I’ve been working hard in the garden for the past few weeks as Winter is the time to prune and transplant my fruit trees and berry canes from the old place (see clip for a peak at my heritage raspberry patch). I’ve also tidied-up the ornamental gardens here to make them more to my liking (second clip), and have been busy preparing patches for vegetables and herbs. I’ve even managed to transplant some herbs and vegetables to give me a head-start, but there’s still so much to do before I can feed the family with what I grow.

So far I have planted four rows of raspberries (about 50 small canes). The chooks are lovely to have around but they get under my feet and under my tools, looking for grubs and worms. I have to keep nudging them away so I don’t hurt them.

This clip gives you an idea of how many gardens are around the house but it doesn’t show all of them. All these gardens were overrun with weeds and it took a couple of days to clean them up with hand tools. I’m converting the garden around the pizza oven to be my herb garden, as it’s closest to the kitchen.

Gardening has been a hobby of mine since I was a child and achieving self-sufficiency in herb, fruit and vegetable production has been a dream for a long time – I get closer each year but moving house is a small setback. I don’t just grow food because it tastes better or to reduce waste and lower my environmental footprint, I need this time with the earth to feel balanced. I am deeply satisfied by long days in the garden that leave my muscles aching to the core… If only I allowed myself more time to do this.

Buy less and choose well

A few useful tools makes work in the garden easier. When I need to buy a tool, I buy the best I can afford (which isn’t always the best, just the best I can afford) because cheap tools are for fools. They don’t last and you end up spending more money and wasting more resources in the long run. Chose quality over quantity. But, I also rescue secondhand tools if I can.

I look for tools that are made from good quality metal and wood, with as little plastic parts and packaging as possible. They last longer, are easier to maintain and repair, and the materials are zero waste provided they are recycled or allowed to biodegrade.

Replacing broken plastic hose fittings with bass fittings.
As hose fittings break I have been replacing them with brass fittings instead of plastic ones.
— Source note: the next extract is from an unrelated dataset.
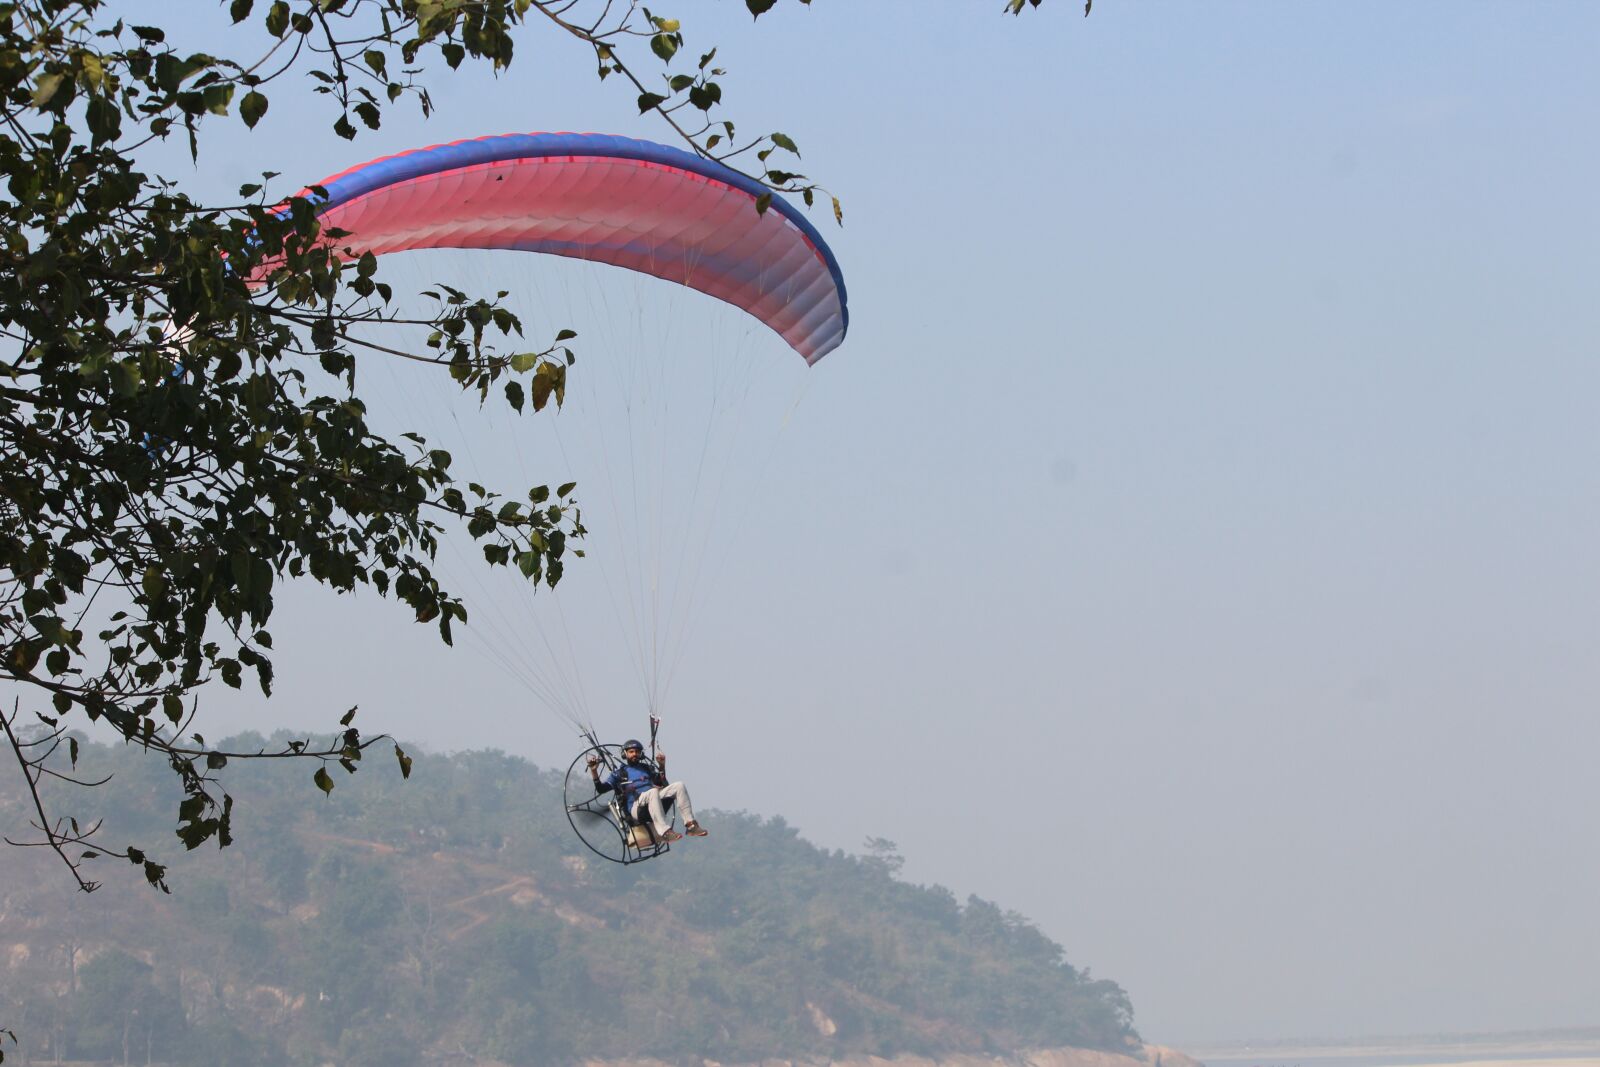 Canon EOS 1200D (EOS Rebel T5 / EOS Kiss X70 / EOS Hi) sample photo. Paragliding, fun, activity photography

They can usually be found package free or with minimal packaging.

Make it last

Tool maintenance and repairs are important to keep them functioning well for many years and to stop the spread of disease between plants. I’m pretty good at fixing rather than replacing tools but I haven’t been so good at looking after them. I tend to leave them out in the garden so they are always there when I need them, and I’ve never sharpened or cleaned them before.

Well, that has changed!

Winter day in the gardening shed
Cold, wet days are a good time to spruce-up garden tools. There’s also something about the pitter-patter of rain on a tin roof while you work.

The first thing I did was repair my rake. I already replaced the wooden handle with another wooden handle last year, but it broke again! I decided the best way forward was to get my husband to weld a steel handle to the rake. I found the steel pole left behind by the previous owner in some grass. Great luck for me! Now it doesn’t matter if I leave the rake out in the weather.

Welding a steel handle onto my garden rake.


Weather-proof rake. Wooden handle replaced with a steel one.

Next, I washed and inspected my pitch fork, shovel and ho-mi and decided they were good enough as they were, so I moved on to cleaning, sharpening and oiling my secateurs, loppers and hand saw. Here are the resources I followed to do this, except that I used bulk bought olive oil to oil the tools and bulk bought detergent and homemade kombucha vinegar for cleaning. I also used a chisel, steel scourer, and old bamboo toothbrush for scrubbing. I had to buy a sharpening stone, so I recycled all parts of the packaging.

Organic Gardener Magazine also says mixing one part tea tree oil (packaged in a glass bottle) with 10 parts water will sterilise my equipment when pruning to prevent the spread of disease. Just dip the equipment into the solution for around 30 seconds.

It feels soooo good to properly care for my trusty tools, without creating any waste. This is creating value. This is frugal hedonism!

Hopefully I’ve encouraged you to get in the garden and show your tools some love. Please share with me more of your own tips and tricks for maintaining and repairing garden tools.



11 thoughts

  1. Ooh – I have a bucket of oily sand that I stab my tools into a few times before I stick them away. Not the secateurs but my trowels etc.

    I always go dotty looking at the beautiful tools at diggers!

    Liked by 1 person

  2. Great post. Like you we have moved house a bit, which usually means starting from scratch, but we eventually get there. I’m getting better at looking after my tools. I’ve used olive oil , but also linseed oil to protect them.

    Liked by 1 person

  3. You have inspired me to get outside on this sunny day and clean my tools. I have also never done it and I also leave them in the garden so can use them when I need them (I consider it me being resourceful with my time!). Today is the day!

    Liked by 1 person

  4. This post put a smile in my heart. I have old tools I use, and some I just care for because they were my Dad’s, and I learnt to garden from him. Tools hold memories too! And I hope everyone getting out there growing things with their kids are creating those memories too.